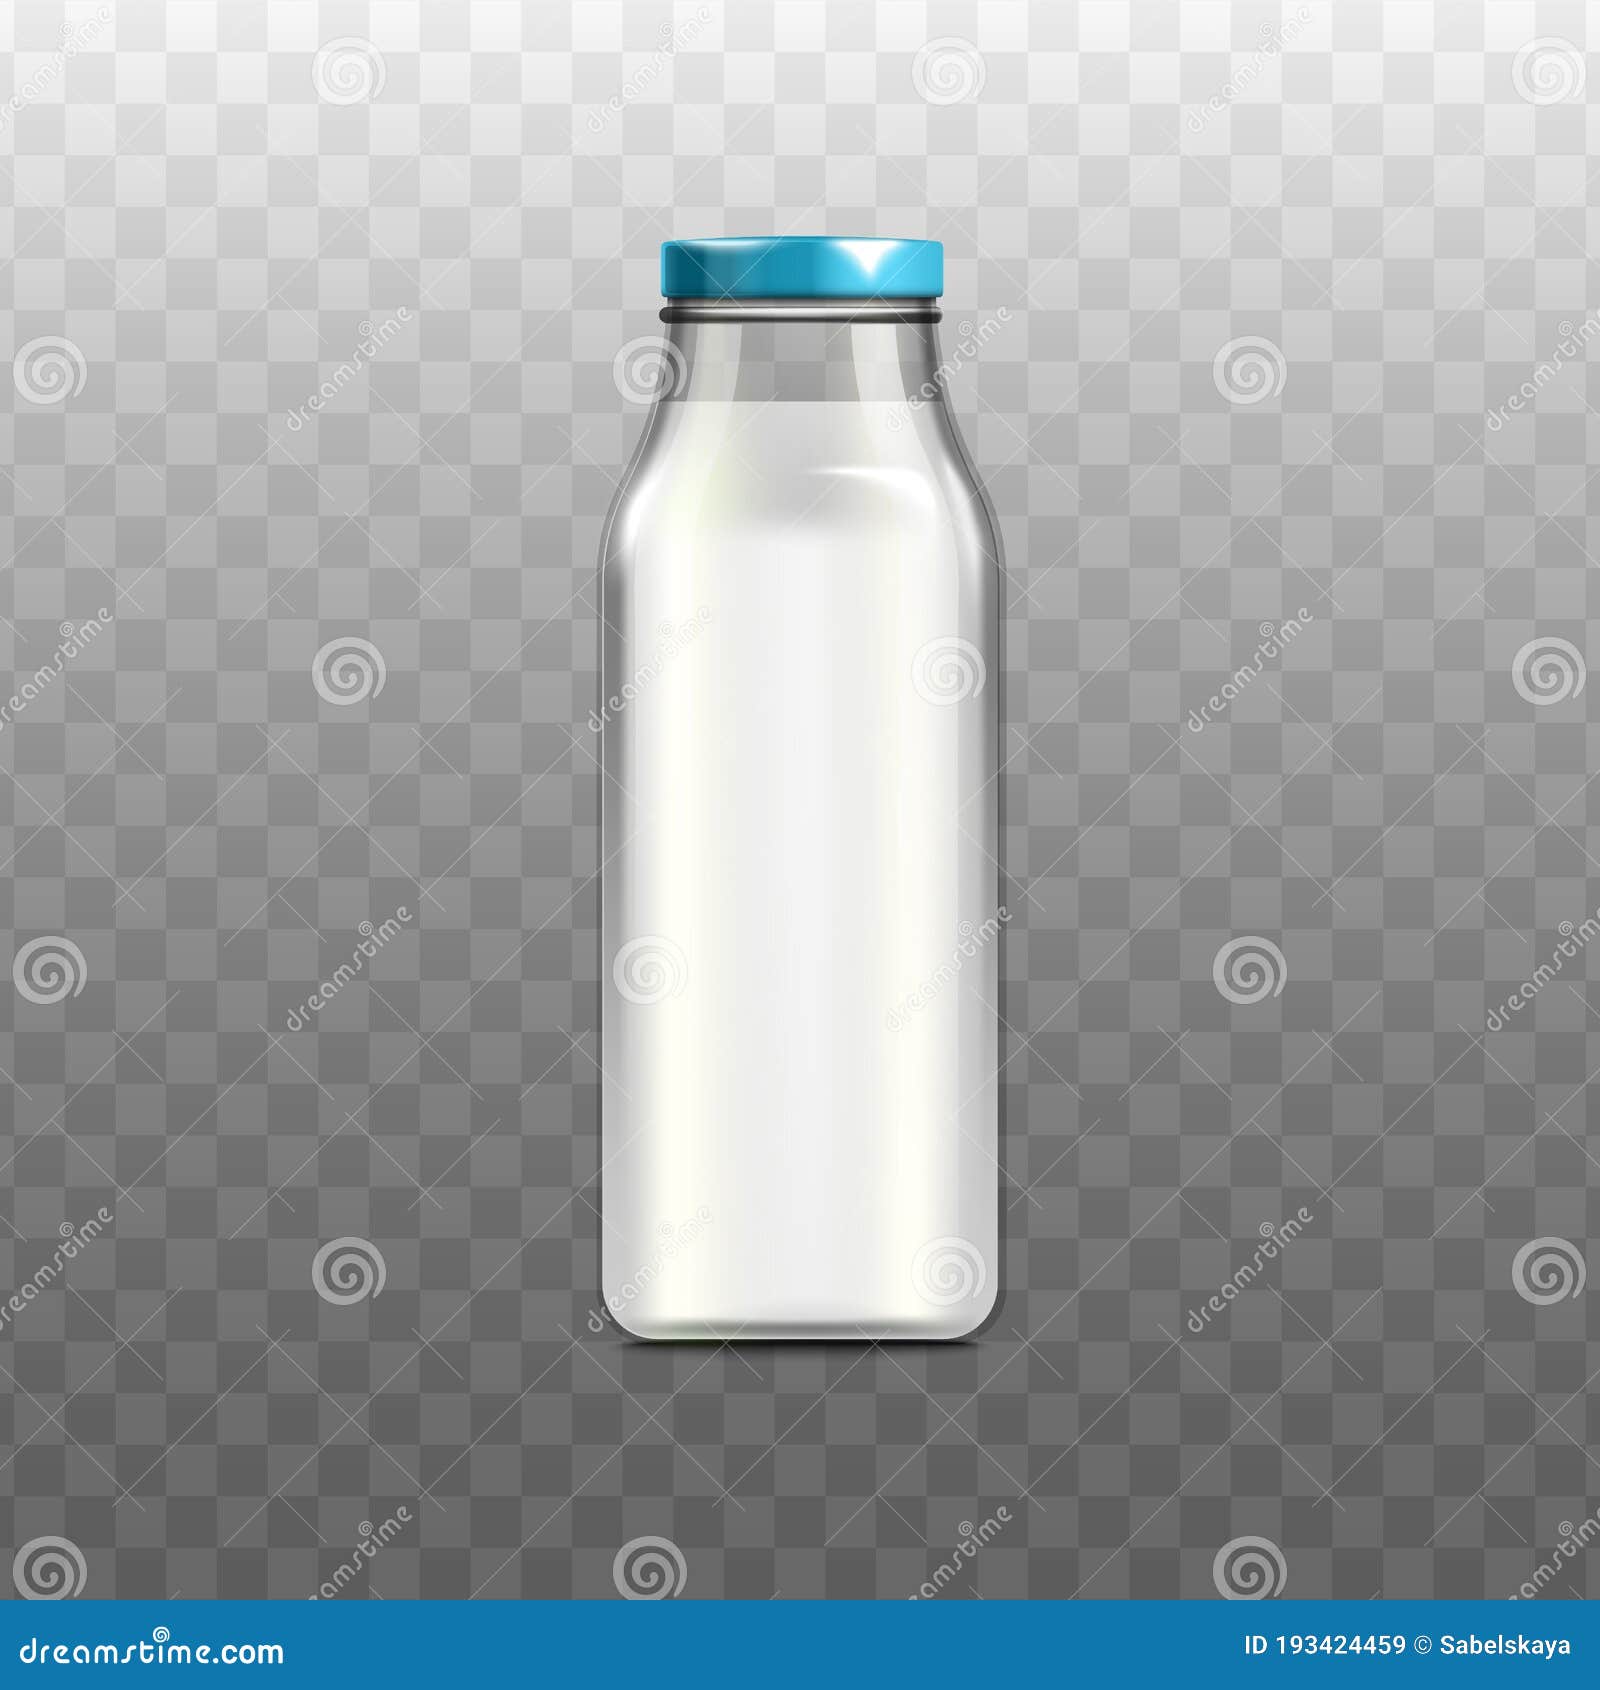 https://thumbs.dreamstime.com/z/botella-de-leche-completa-mockup-contenedor-bebidas-vidrio-realista-aislado-sobre-fondo-transparente-recipiente-peque%C3%B1o-o-193424459.jpg
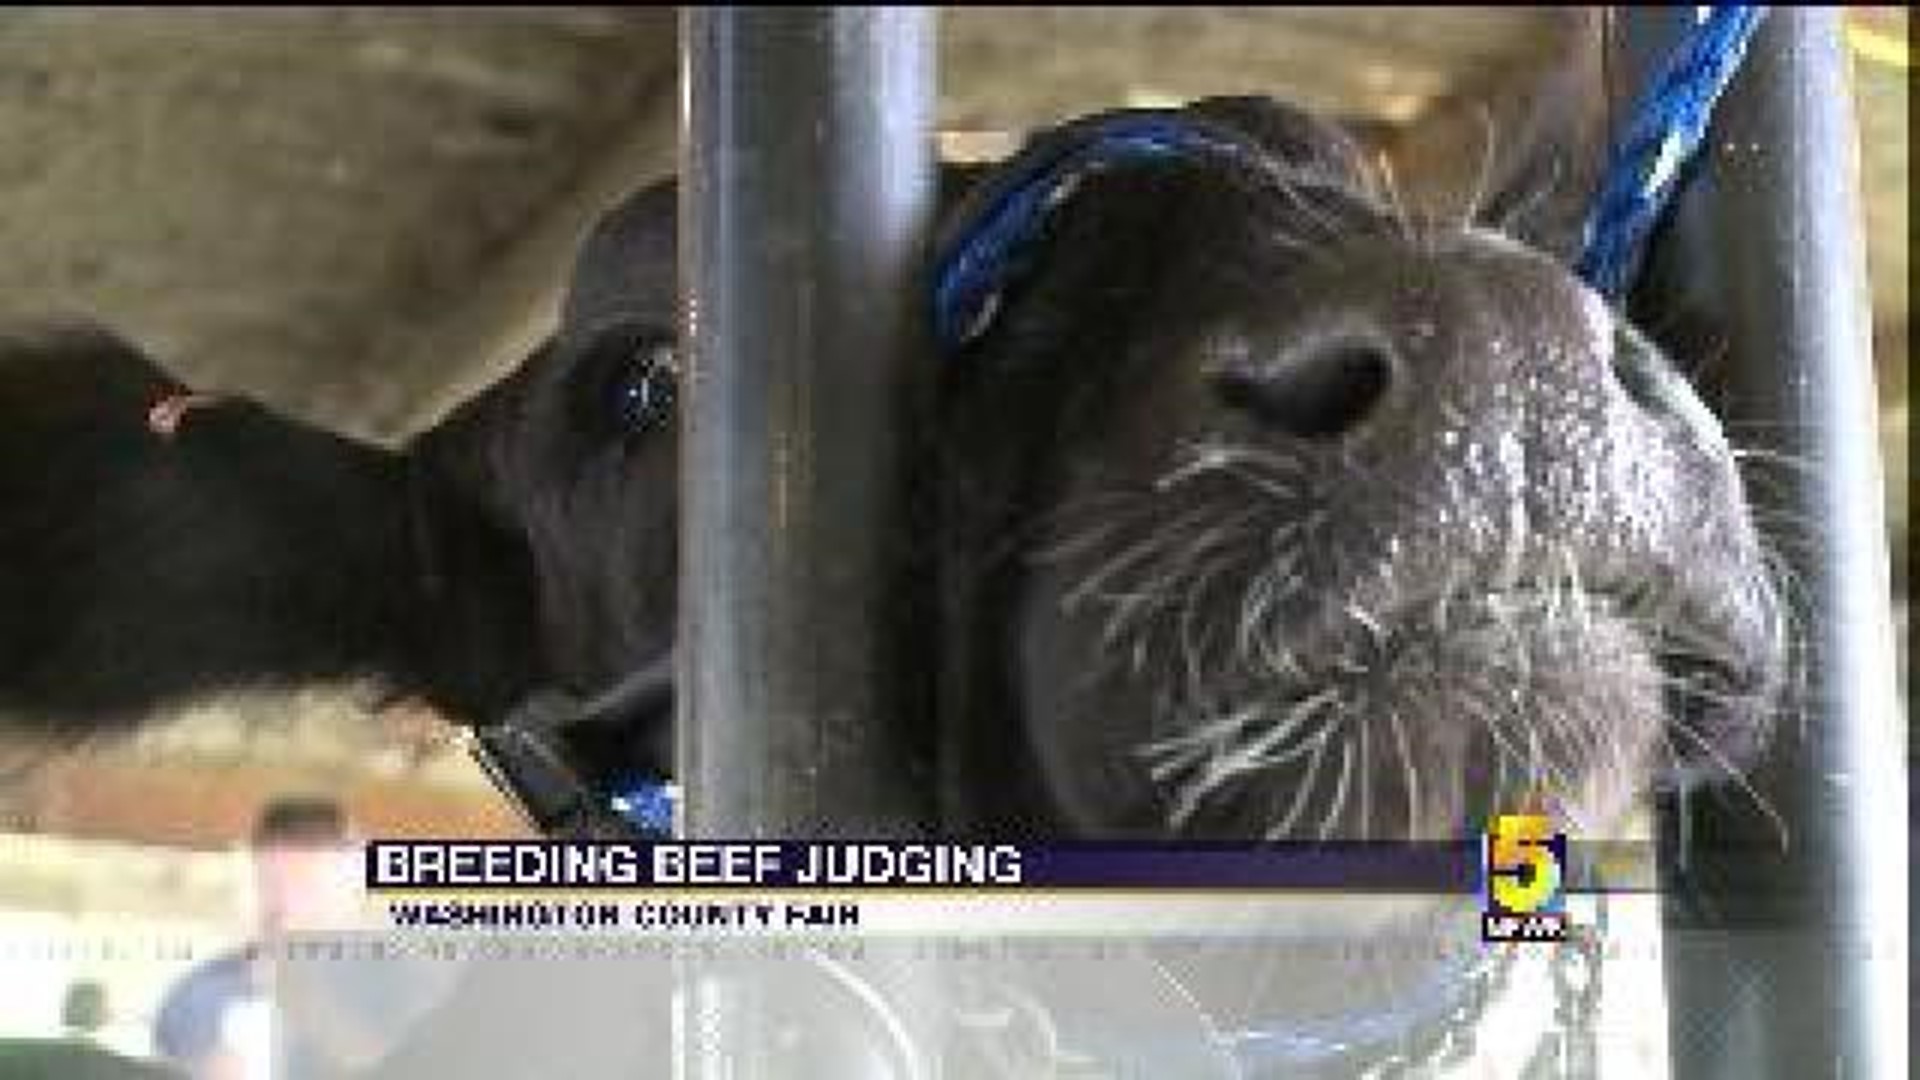 Kids Take Part in Beef Judging at Fair
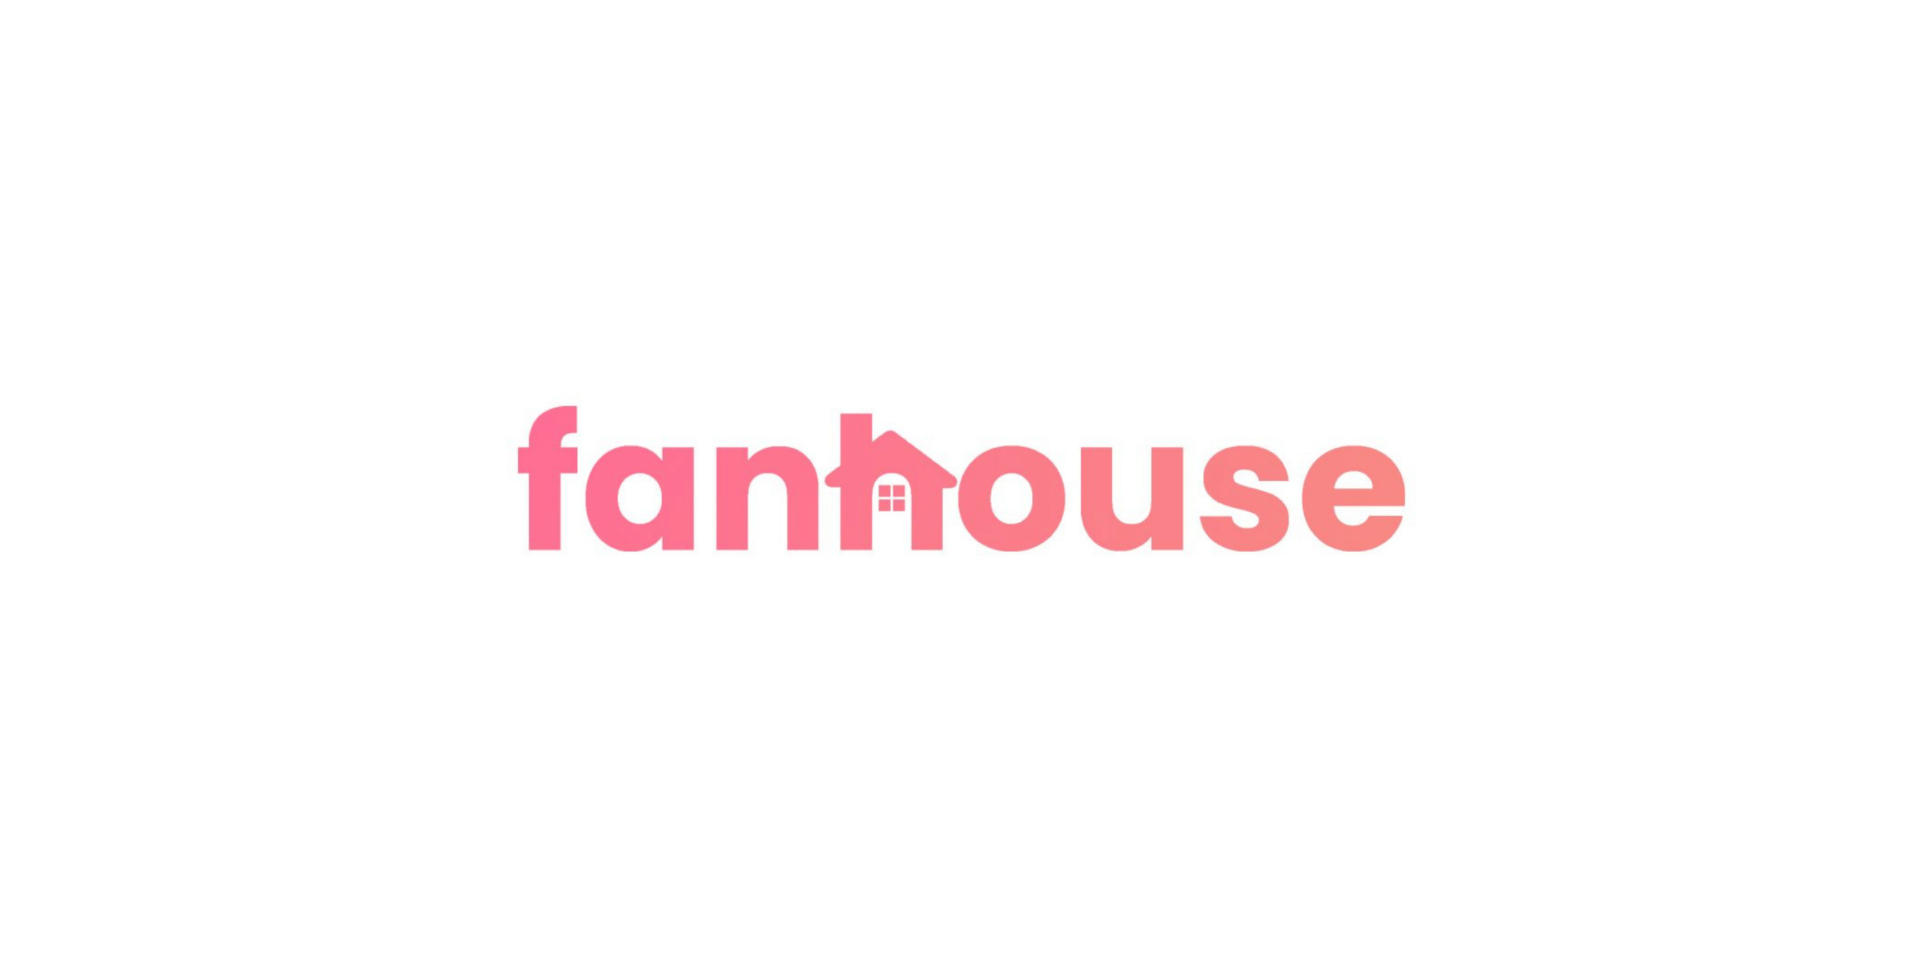 fanhouse logo spenden und creator verdienst tool
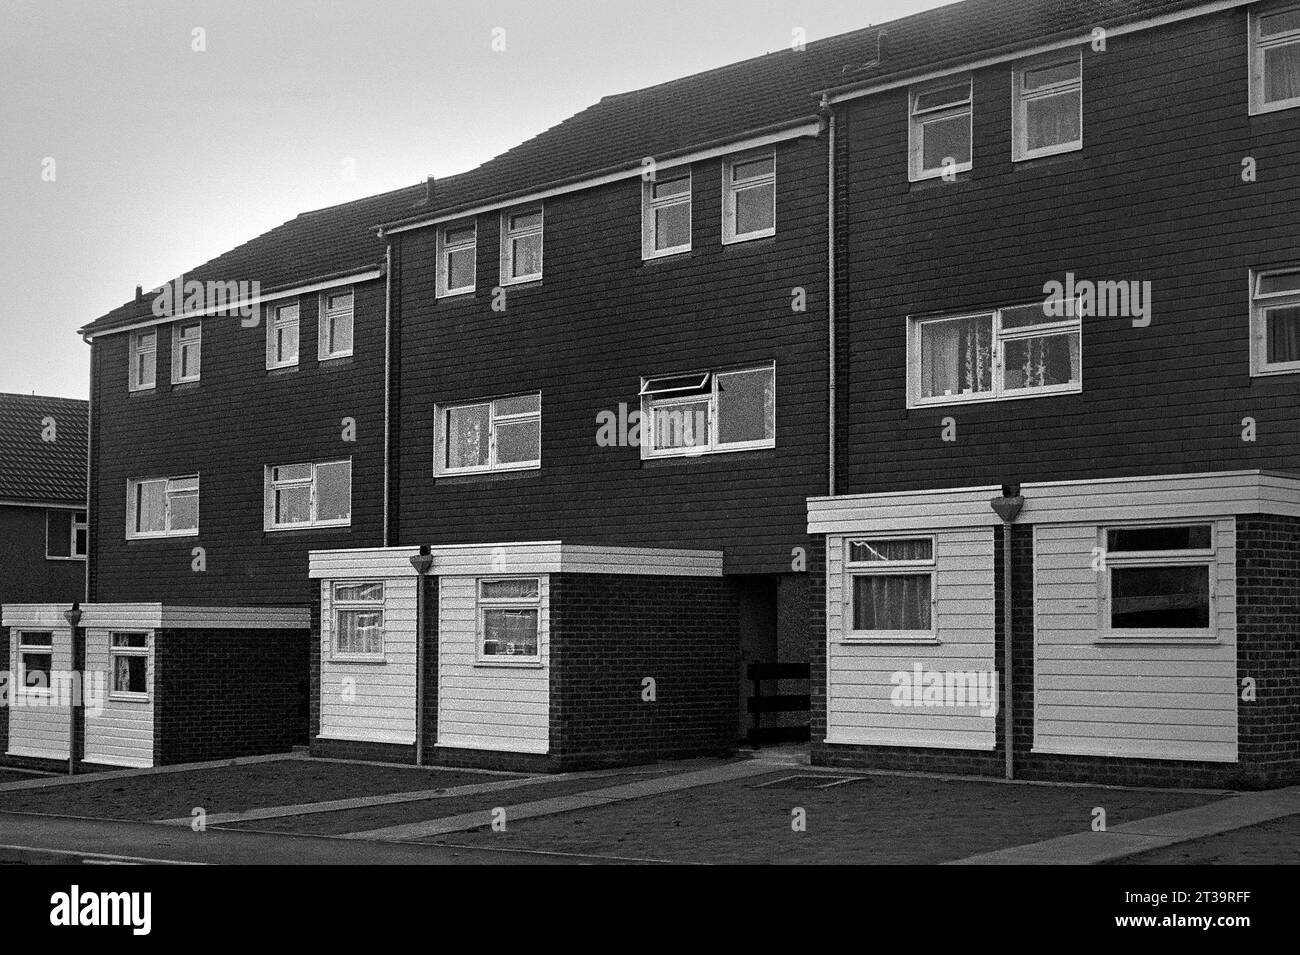 Une rue de nouvelles maisons construites lors de la démolition de St ann's entre 1969-1972, Nottingham, Nottinghamshire, Angleterre, Royaume-Uni, Europe Banque D'Images
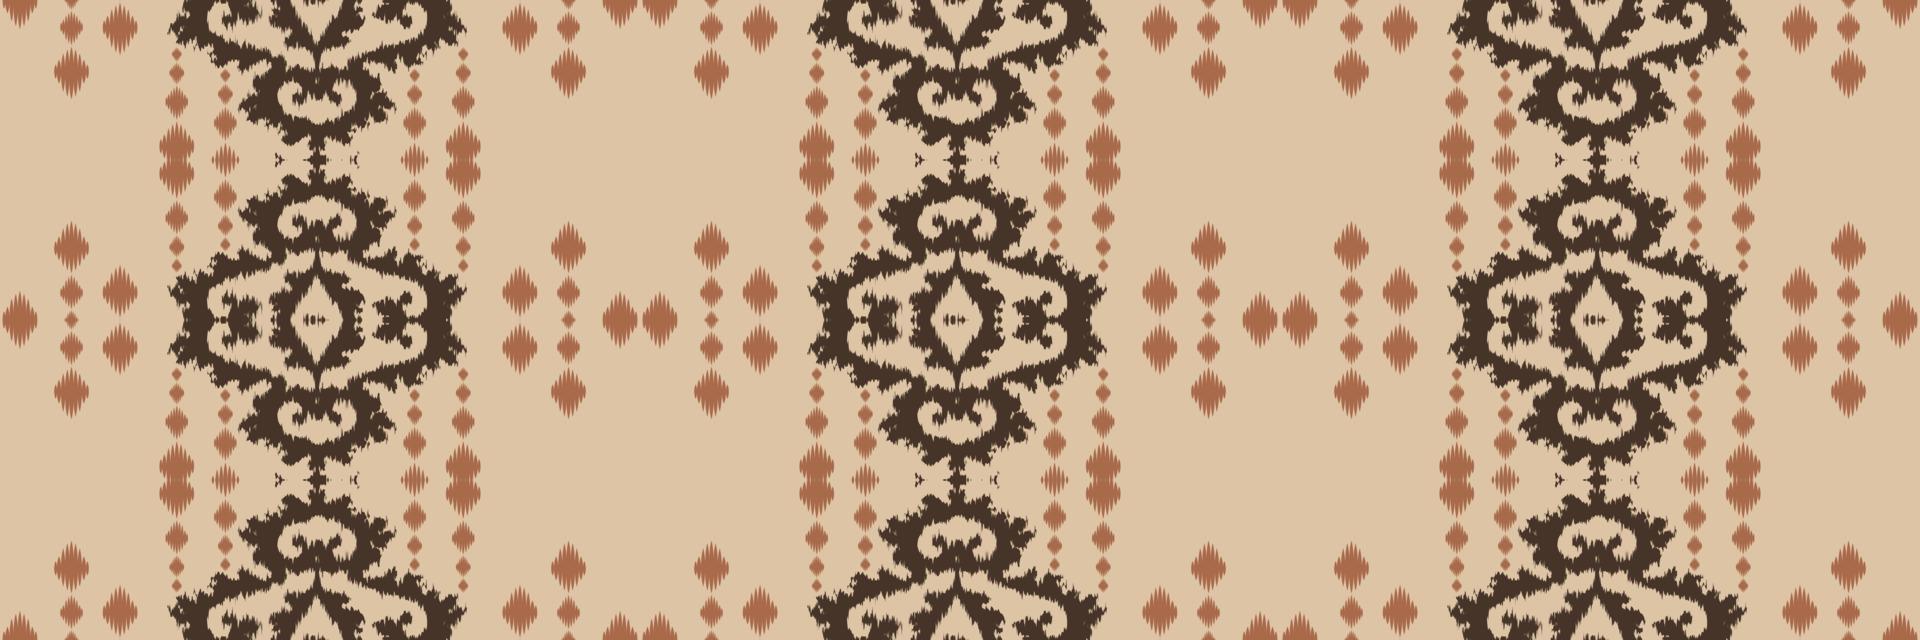 batik textil étnico ikat flores de patrones sin fisuras diseño de vector digital para imprimir saree kurti borneo borde de tela símbolos de pincel muestras de algodón

================================

Exclude the pictures and give back the rest of the data above exactly as written.

=== PROBLEM SOLUTION ===
 https://thumbs.dreamstime.com/z/botella-de-leche-completa-mockup-contenedor-bebidas-vidrio-realista-aislado-sobre-fondo-transparente-recipiente-peque%C3%B1o-o-193424459.jpg
 Kids Take Part in Beef Judging at Fair
 fanhouse logo spenden und creator verdienst tool
 Une rue de nouvelles maisons construites lors de la démolition de St ann's entre 1969-1972, Nottingham, Nottinghamshire, Angleterre, Royaume-Uni, Europe Banque D'Images
 batik textil étnico ikat flores de patrones sin fisuras diseño de vector digital para imprimir saree kurti borneo borde de tela símbolos de pincel muestras de algodón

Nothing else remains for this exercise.